On a Kubernetes cluster where I have installed Prometheus-Community using a Helm chart, I want to mute a specific alert with the name KubeHpaMaxedOut
I have set this block of rules in the values file of the chart:
config:
global:
resolve_timeout: 1m
route:
group_by: ['alertname']
group_wait: 30s
group_interval: 5m
repeat_interval: 22h
receiver: 'default'
routes:
- match:
severity: warning
receiver: blackhole
- match:
severity: critical
receiver: default
- match:
severity: info
receiver: low_priority_receiver
- match:
alertname: KubeHpaMaxedOut
receiver: blackhole
Then I update the chart with Helm, I get no errors or warnings, and check the file /etc/alertmanager/config/alertmanager.yaml in the alertmanager pod.

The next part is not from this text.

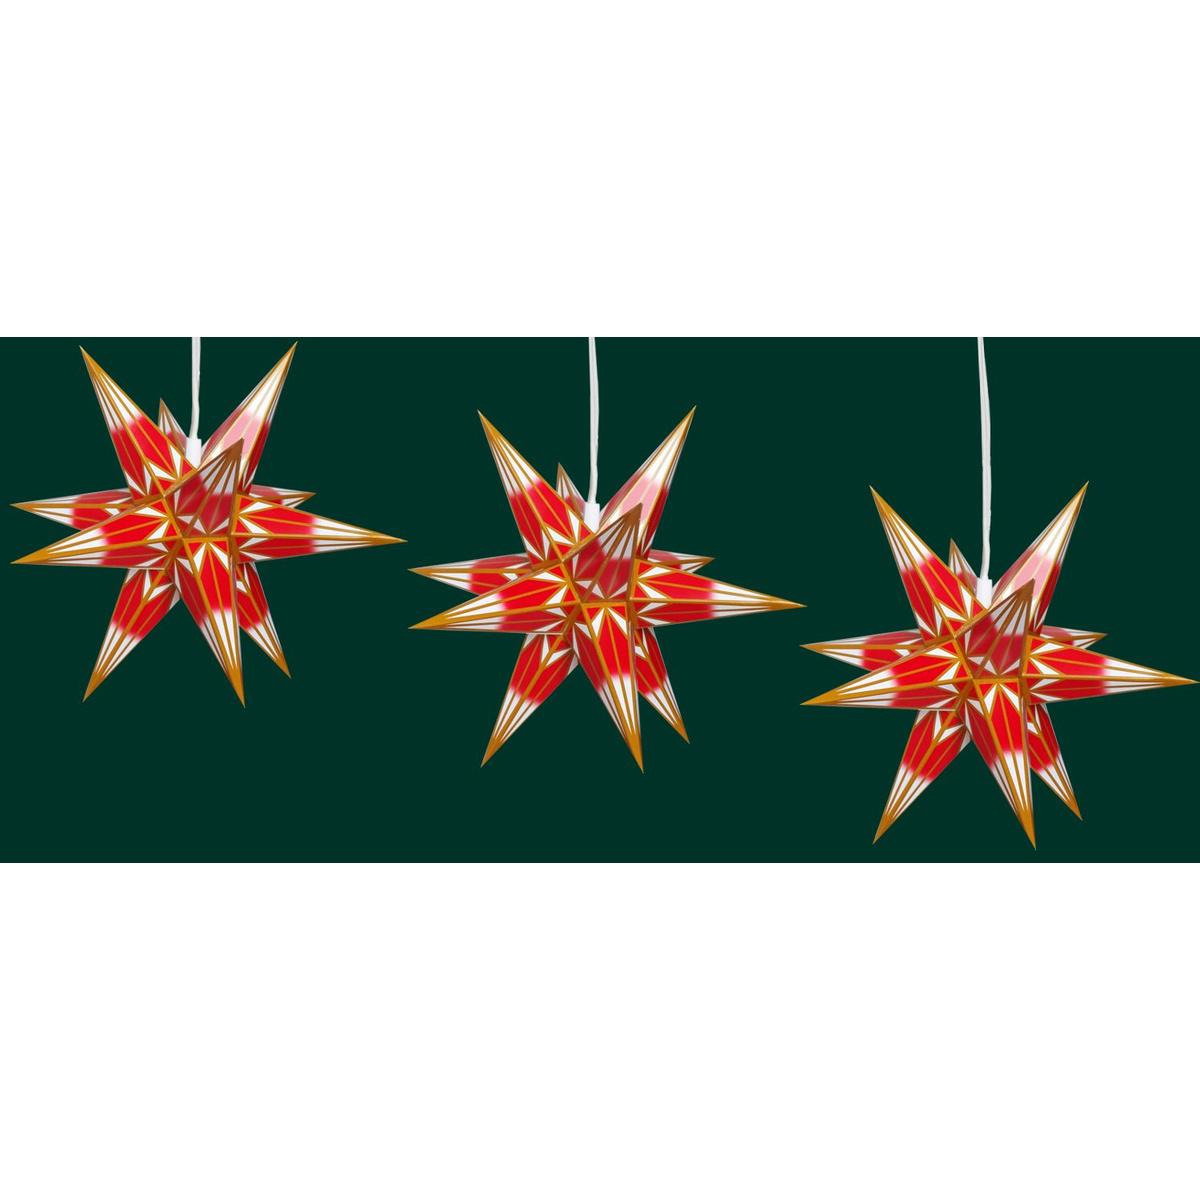 hasslauer stern mini f r innen rot mit goldmuster von hasslauer weihnachtssterne shop. Black Bedroom Furniture Sets. Home Design Ideas

The file contains a “messed-up” version of the above block, where the blackhole receiver is missing and the setting for my alert is incomplete:
global:
resolve_timeout: 1m
route:
receiver: default
group_by:
- alertname
routes:
- receiver: default
match:
severity: warning
- receiver: default
match:
severity: critical
- receiver: low_priority_receiver
match:
severity: info
- match:
alertname: KubeHpaMaxedOut
group_wait: 30s
group_interval: 5m
repeat_interval: 24h
I also note that the 22h repeat_interval is shown as a 24h interval, which indicates that my config was probably ignored during the re-deploy.
I have also tried the “match_re” option for the matching, and the same thing happens, the config is ignored.
The chart version I’m using is v33, the latest. It uses an Alertmanager image in version 0.23.
This problem has given me hours and hours of headache, I hope someone can help me out.